A Stage is a wrapper around a python function and is the conceptual equivalent of a node of our graph. A Stage object can take input/output from/to other Stage objects, but can also be run in isolation. Here is an example of a Stage wrapped around a python function:

# our example function
def test_function(test_func_var0, test_func_var1, test_func_var2):
    # Do some stuff
    test_func_var3 = test_func_var0 + test_func_var1
    test_func_var4 = test_func_var1 + test_func_var2
    
    # and return stuff
    return test_func_var3, test_func_var4

# we wrap this function in a Stage
# any values a function returns need to be labeled with the `stage_outputs` parameter
my_test_stage = Stage(test_function, stage_outputs=["test_func_var3", "test_func_var4"])

# we can run this stage with the run method and store the results
result = my_test_stage.run(1, 2, 3)
# result will return a dictionary containing: {"test_func_var3": 3, "test_func_var4": 5}

# running it again with different parameters
result = my_test_stage.run(2, 3, 4)
# result will return a dictionary containing: {"test_func_var3": 5, "test_func_var4": 7}

# lets write a 2nd function that can take input from our test_function
# note that the input arguments for this function should match the key names of the
# stage outputs for test_function
def test_function2(test_func_var3, test_func_var4):
    return test_func_var3 + test_func_var4

# and wrap this in a Stage
my_test_stage2 = Stage(test_function2, stage_outputs=["test_func2_var0"])

# to run this we just merely need to **results (kwarg unpacking) to pass information
# from my_test_stage to my_test_stage2
result2 = my_test_stage2.run(**results)
# result2 will return a dictionary containing: {"test_func2_var0": 12}

# or running the entire pipeline from the beginning
result2 = my_test_stage2.run(my_test_stage.run(1, 2, 3))
# result2 will return a dictionary containing: {"test_func2_var0": 8}

# We can create static values in our Stage object, so that inputs from other stages
# will be ignored

# Stage will take the same params as test_function
# and use them as static values
my_test_stage = Stage(
    test_function,
    stage_outputs=["test_func_var3", "test_func_var4"],
    test_func_var0=1,
    test_func_var1=2,
    test_func_var2=3
)

# when we run the stage, we will see that it does not change with the input
result = my_test_stage.run(2, 3, 4)
# result will return a dictionary containing: {"test_func_var3": 3, "test_func_var4": 5}

We can wrap the functions we write into a Stage, but what benefit does this provide? The main feature of memori is to memoize the inputs to each stage and recall the outputs if they are the same. This can enable long running functions to be skipped if the results are going to be the same!

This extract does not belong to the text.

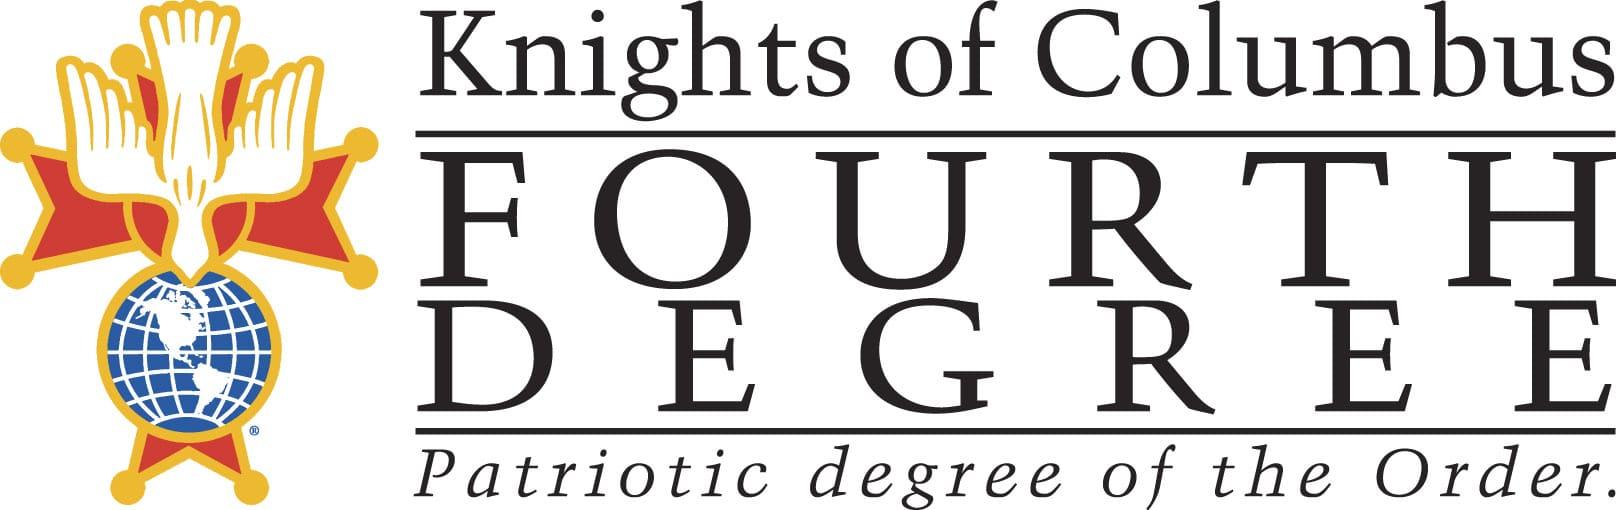 4th Degree Emblem

# To enable memoization feature, we need to add the hash_output parameter to the
# when constructing a Stage object. hash_output is just some directory to where the
# memoization files can be written to.
my_test_stage = Stage(test_function, stage_output=["test_func_var3", "test_func_var4"], hash_output="/test/directory")

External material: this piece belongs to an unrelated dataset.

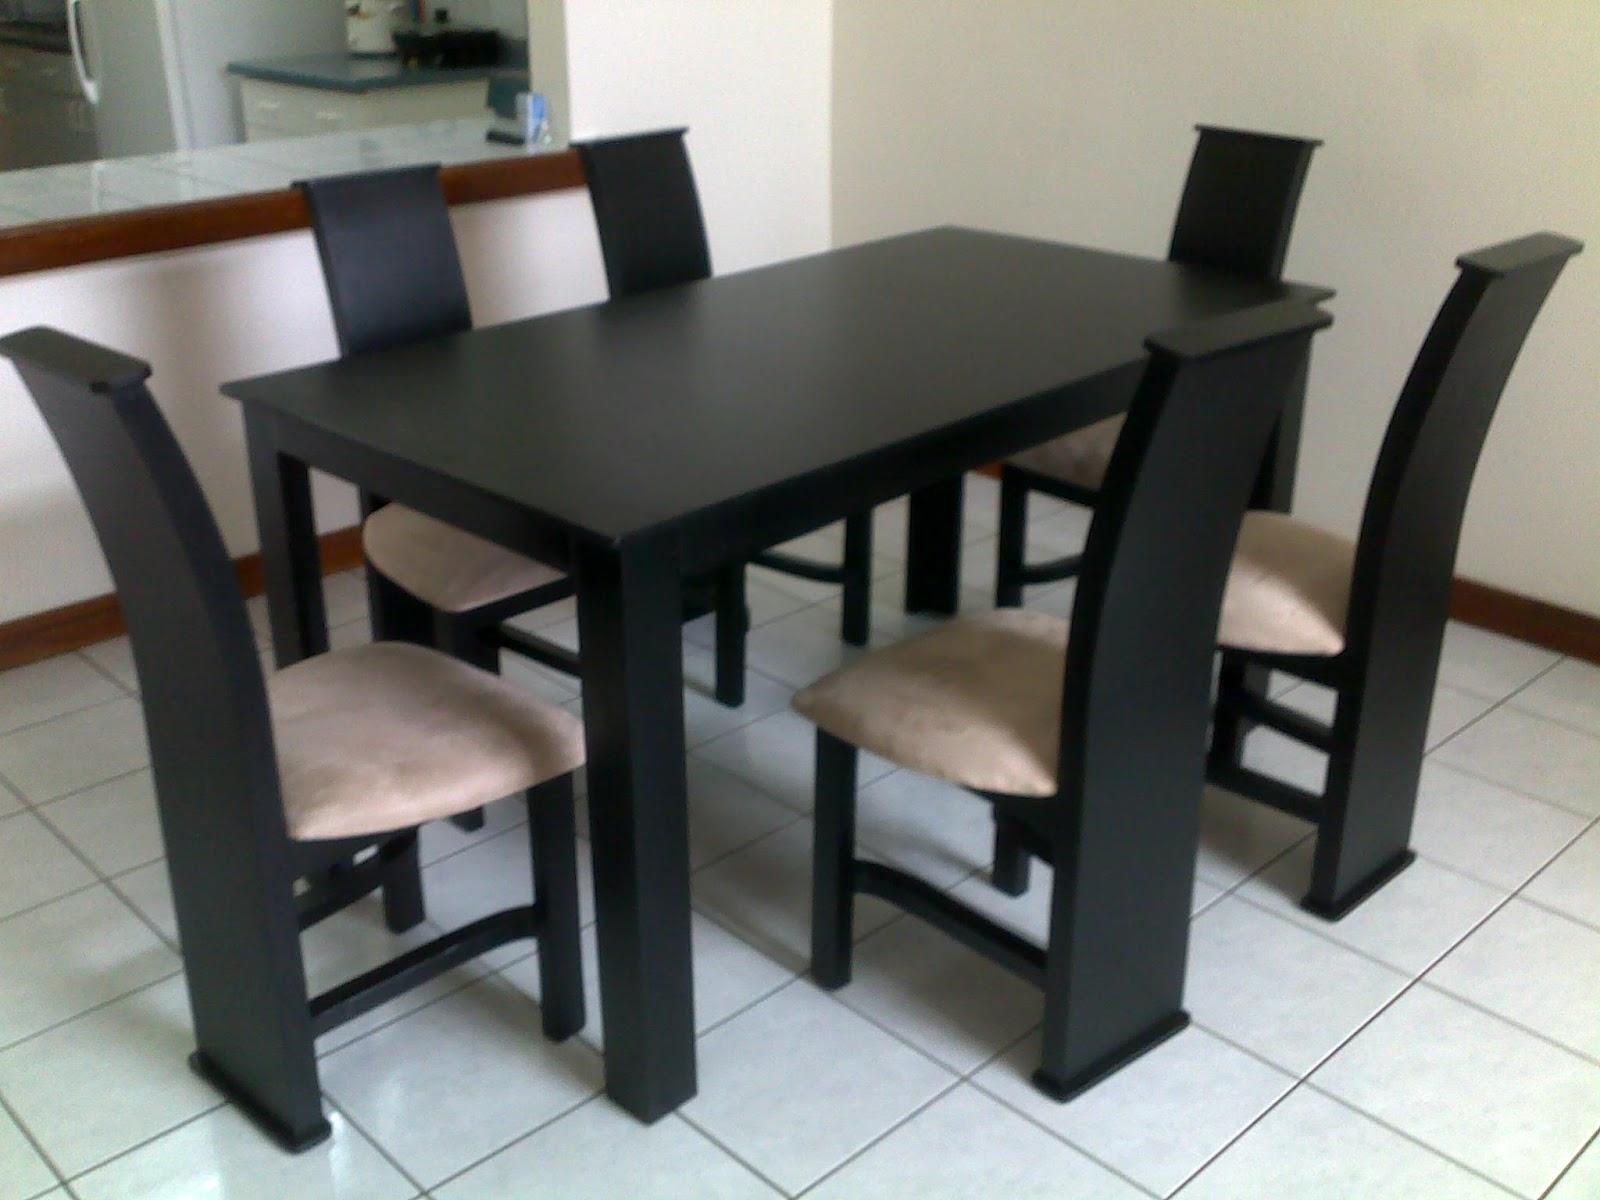 Muebles figo comedor seis sillas negro madera de pino chileno for Comedor seis sillas

my_test_stage.run(1, 2, 3)
# This will write 3 files: test_function.inputs, test_function.stage, test_function.outputs
# at the location: /test/directory
# These 3 files record the important states of the Stage for memoization, after it has
# been run.

When passing path/file strings between Stage objects, memori has special behavior: if it determines the string to be a valid file on the disk, it will hash it with the SHA256 algoritm. For files, this gives memoization results that can reflect changes in data integrity.

memori also does some rudimentary static analysis to check whether and code wrapped by a Stage has changed in a way that will affect the result. If it has detected this, it will rerun the stage in the same way as if the inputs provided were different.

CAUTION: One thing to note, is that memori uses JSON to memoize and pass information between Stage objects. This means that the inputs/outputs of your function MUST be JSON serializable or you will get a serialization error.

For data that is not JSON serializable, the typical workaround is to save it to a file and pass the file location between the Stage objects. This also allows you to take advantage of the SHA256 file hashing features of memori.

Pipeline

What happens when you have more complex pipelines? Maybe you have a Stage that needs to provide input to two different Stage objects.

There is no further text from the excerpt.